Data block -

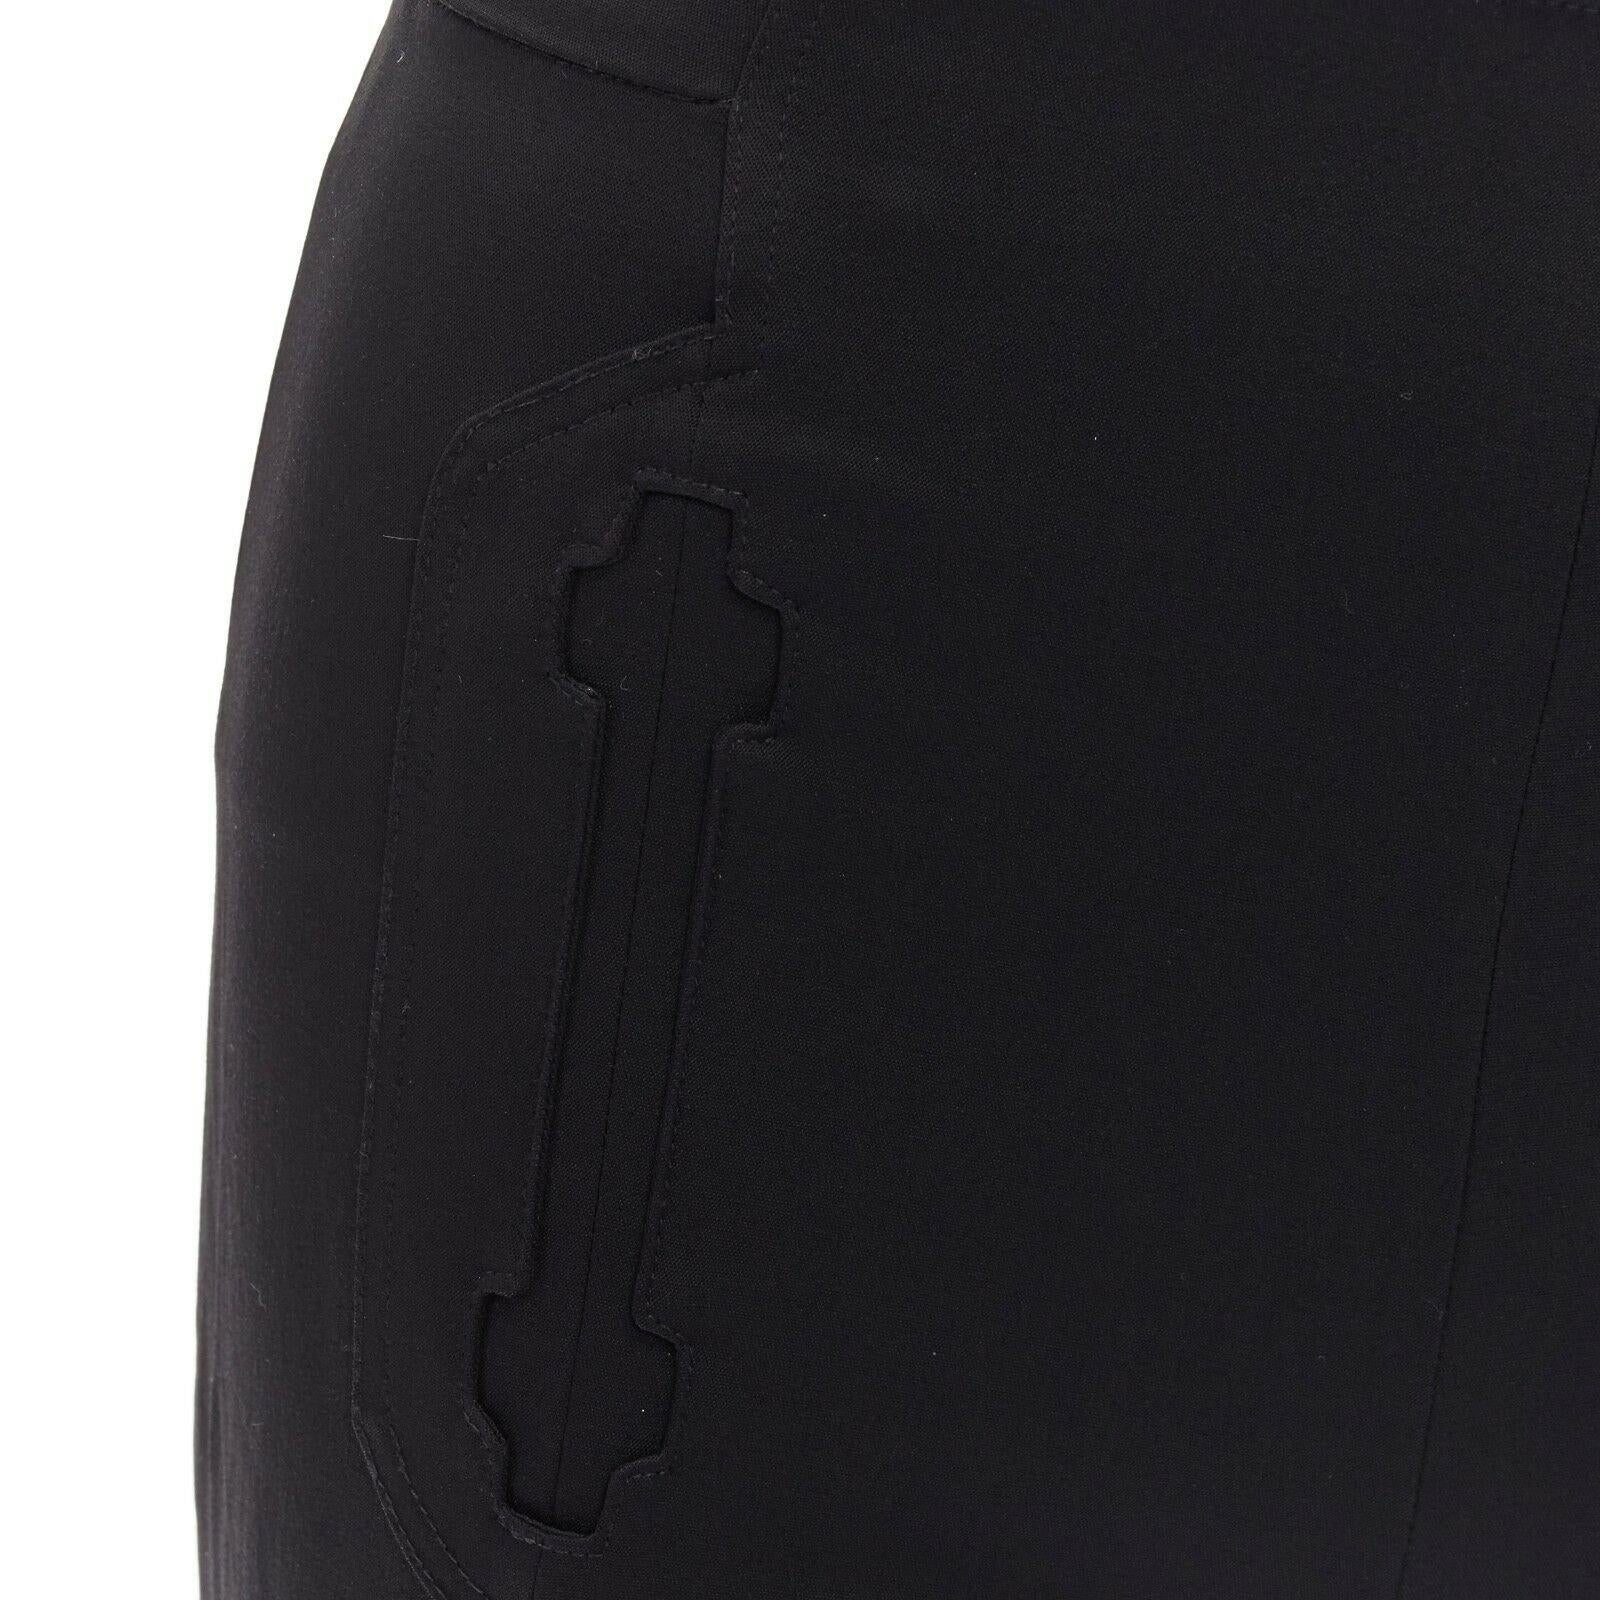 ZAC POSEN black wool blend patterned faux pockets zip back straight leg pants S 1
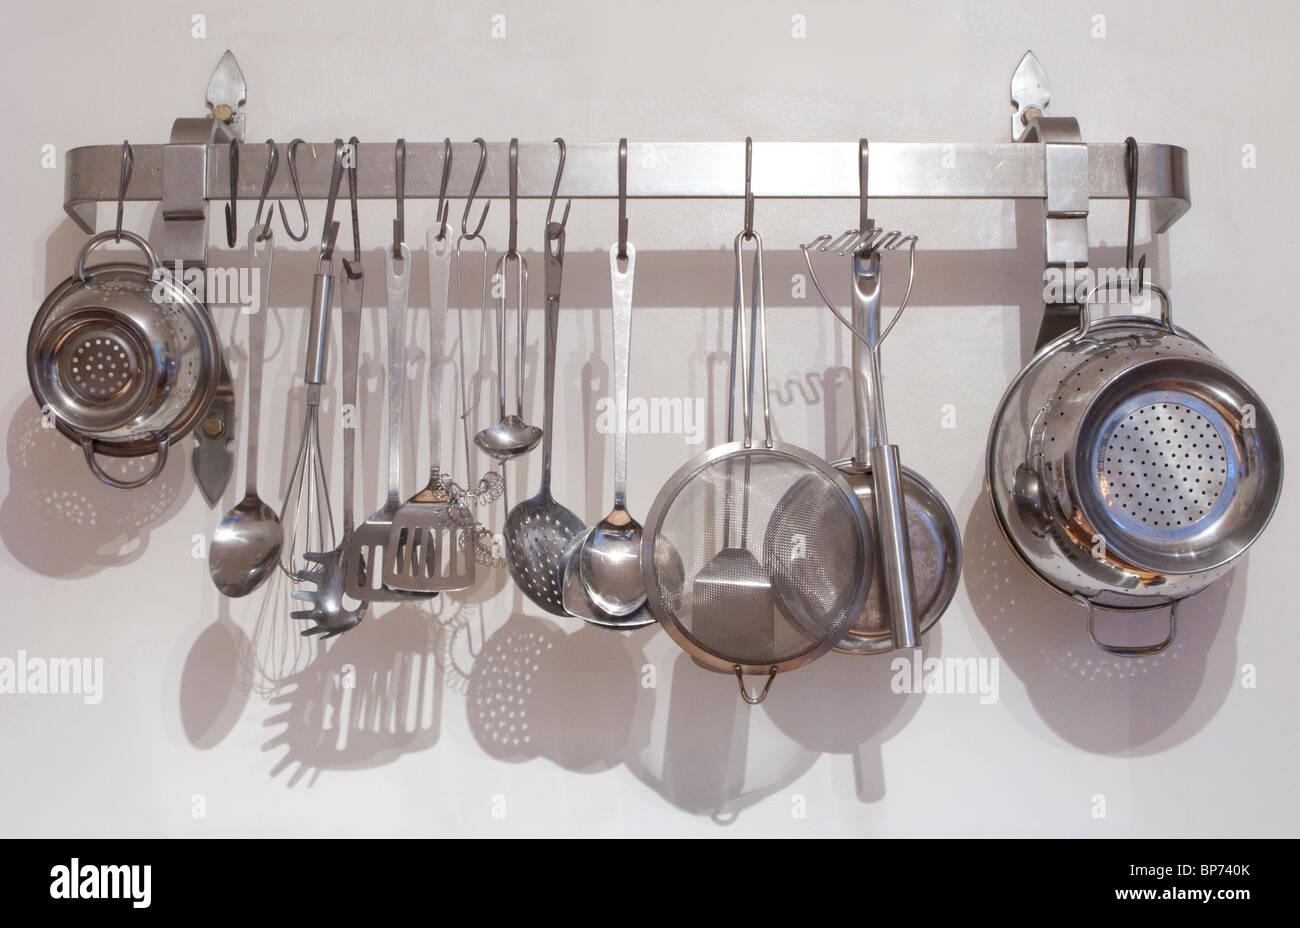 https://c8.alamy.com/comp/BP740K/cooking-utensils-cook-cooking-kitchen-rack-chef-tools-food-culinary-BP740K.jpg
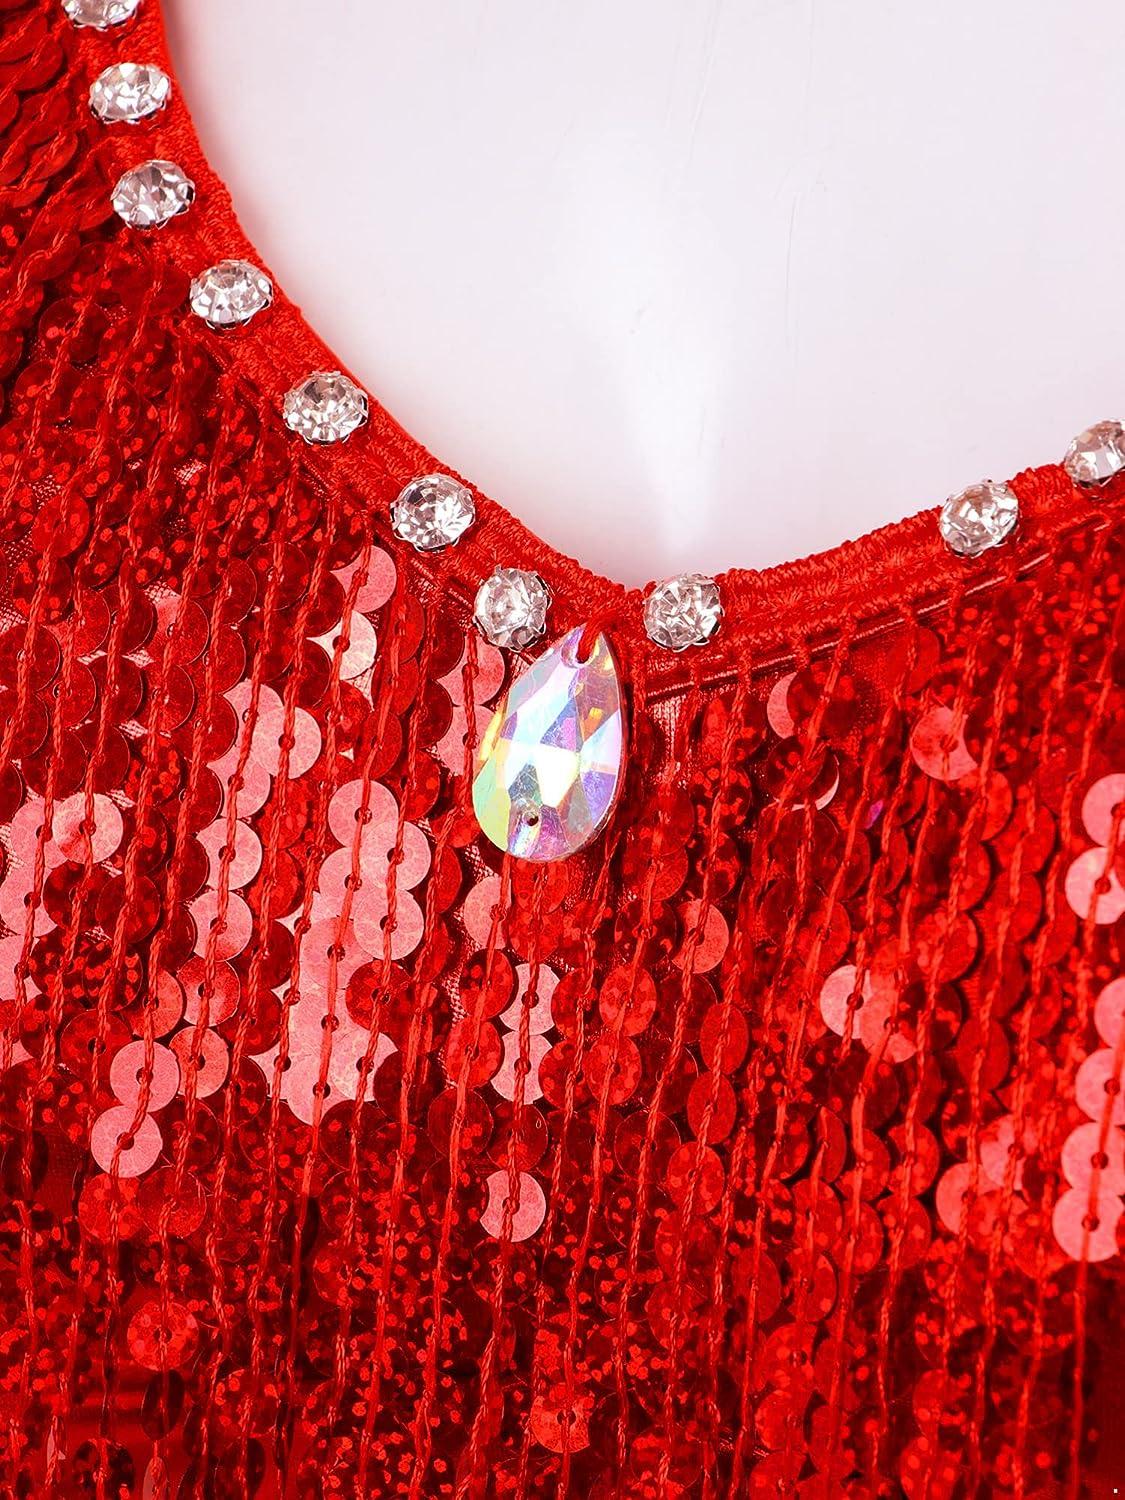 CHICTRY Women's Belly Dance Costume Sequin Shiny Bra Tassel Top Chacha  Tango Dancewear Camisole Tops Red Medium

Task to carry out -
Copy out the whole listing exactly. Skip its pictures.

Final answer -
 ZAC POSEN black wool blend patterned faux pockets zip back straight leg pants S 1
 https://c8.alamy.com/comp/BP740K/cooking-utensils-cook-cooking-kitchen-rack-chef-tools-food-culinary-BP740K.jpg
 CHICTRY Women's Belly Dance Costume Sequin Shiny Bra Tassel Top Chacha  Tango Dancewear Camisole Tops Red Medium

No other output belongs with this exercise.